Bir süre sonra geçen ki binayı gördüm. O gelmeden kapıya gittiğimde biraz şaşırmıştı. Eskisi gibi benimle olan anıları aklında kalmıyor. Kimbilir belkide Seda ile ilgili olan anılarına yer kalmasını istiyordur.. "Evi hatırlıyorsun?" ne yani şaşırdığı şey bu muydu? Ya inanmıyorum, ben neler düşündüm. Ne diyeceğim.. En iyisi hiçbir şey dememek. Birlikte merdivenlerden çıktık. İçeri girdiğimizde o kendi odası olduğunu düşündüğüm odaya gitti. Bende ne yapsam diye düşünürken kendimi salonda buldum. Bir duvarı ful fotoğraf doluydu. O tarafa doğru yaklaşırken gözüme birkaç fotoğraf takıldı. Birinde abim, ben ve Barış.. Diğerinde abim ve o.. Ortalarda olan bir fotoğrafta o ve ben.. Bugünü hatırlıyordum.. Daha annem ölmemişti.. Yedinci sınıfın yaz tatiliydi.. O zamanlar aramız gayet iyiydi. Zaten bu fotoğrafa bakan biri bunu gayet iyi anlardı. Bizim bursa'daki evde çekilmiş bir fotoğrafı. O gün bahçede babam mangal yapıyordu. Barışın kolu benim boynuma dolanmıştı ve bana boğarcasına sarılıyordu. Benim gözlerim kapalı ağzım bütün dişlerimi sayabileceğiniz derece açık kahkaha atıyordum. Barış'sa benim aksime daha insanca bir şekilde gülüyordu.

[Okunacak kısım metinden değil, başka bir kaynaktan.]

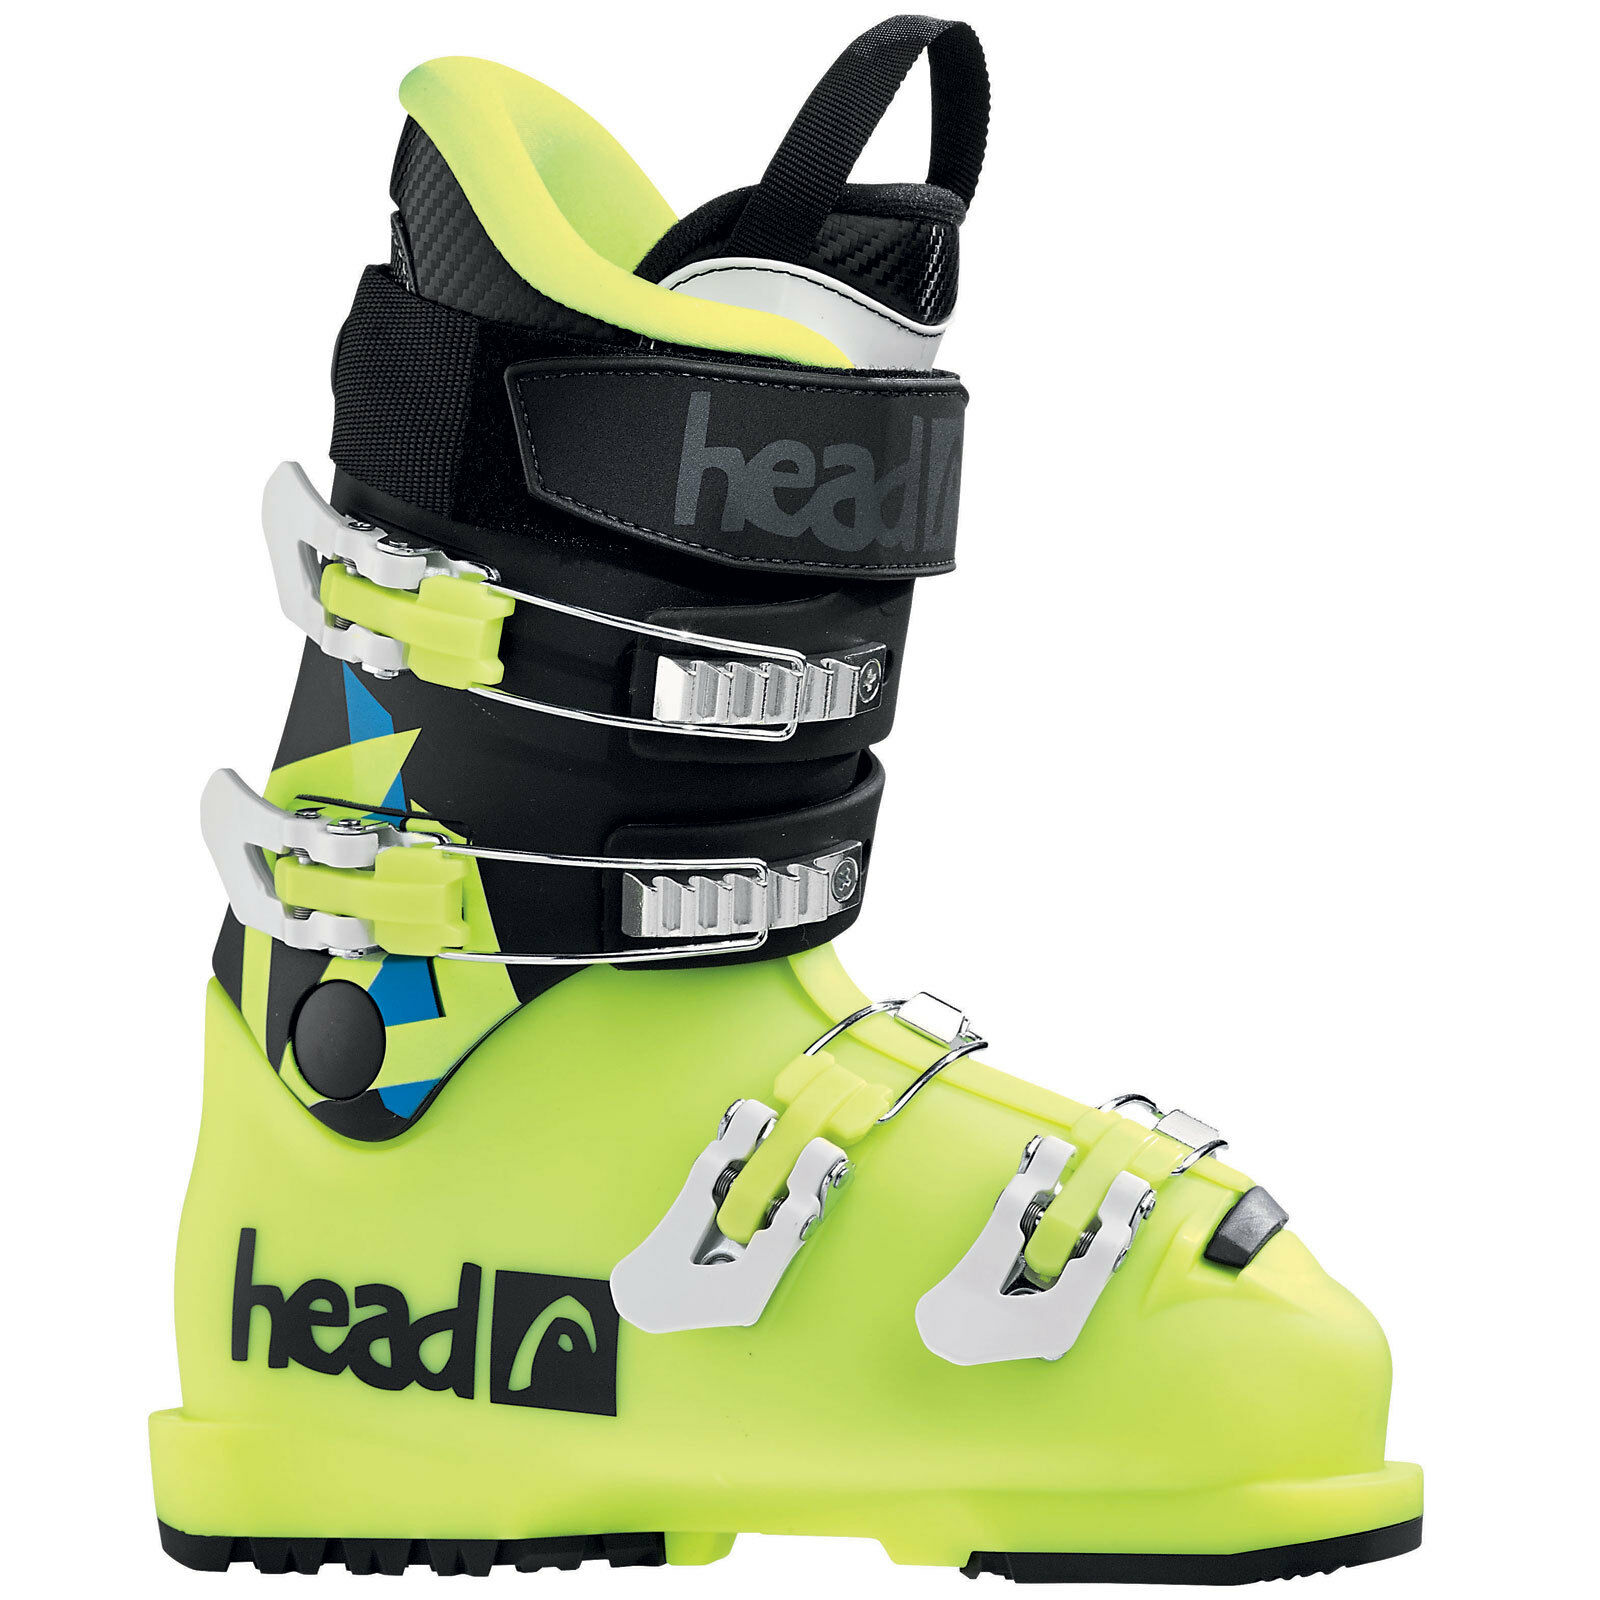 Head Raptor Caddy 60 Junior Skischuhe Kinder Skistiefel Stiefel Schuhe Ski Stiefel

Ama o gözlerinin içindeki gülümseme ile bile benimkini çürütebilirdi. Bir zamanlar bende ını böylesine güldürüyordum.

Annem benden sadece hayatımı almadı. Giderken benden Barış'ı da aldı. Belki o zamanları elimde tutsaydım şimdi Barışın elinden de tutabilirdim. "Güzel günlerdi." deyip yanımda duran Barışa baktım. Yüzünde sanki o günleri özlemiş gibi bir ifade gördüm ama inanımıyordum. Kendimi kandırmayacaktım. Hem eğer o günleri özlemiş olsaydı şimdi benim yanımda olurdu. Sedanın değil. "Evet.. Hemde çok. Hepberaberdik. Sen, sizinkiler, babam, annem.."

"Ben hala burdayım." deyince yüzümde buruk bir gülümseme ile cevap verebilmiştim sadece. Sen burda olduğunu san. Ama gerçeklerin yazıldığı satırlarda bana en uzak yerdesin.. Belki bir gün o günlerdeki gibi olabiliriz. "Sen hazır mısın?" biraz geri çekilip üzerini gösterdi. Siyah üzerinde mavinin tonlarında binalar ve İstanbul yazısı olan bir t-shirt. Altınada siyah bir kot. Aşırı derecede taş olmuştu. Onu bu halde dışarı çıkartacaktım. Ve ben onun yanında böyle kezban gibimi gidecektim. Evet buldum. "Bana bir tane dar kotlarından versene. Ama biraz küçük olsun yani beli bana göre."

"Sen neler planlıyorsun? Ayrıca belinin sana göre bir pantolonum olduğunu düşünmüyorum."

"Ahh hadi ama.. Burada eski eşyalarından hiç mi yok?"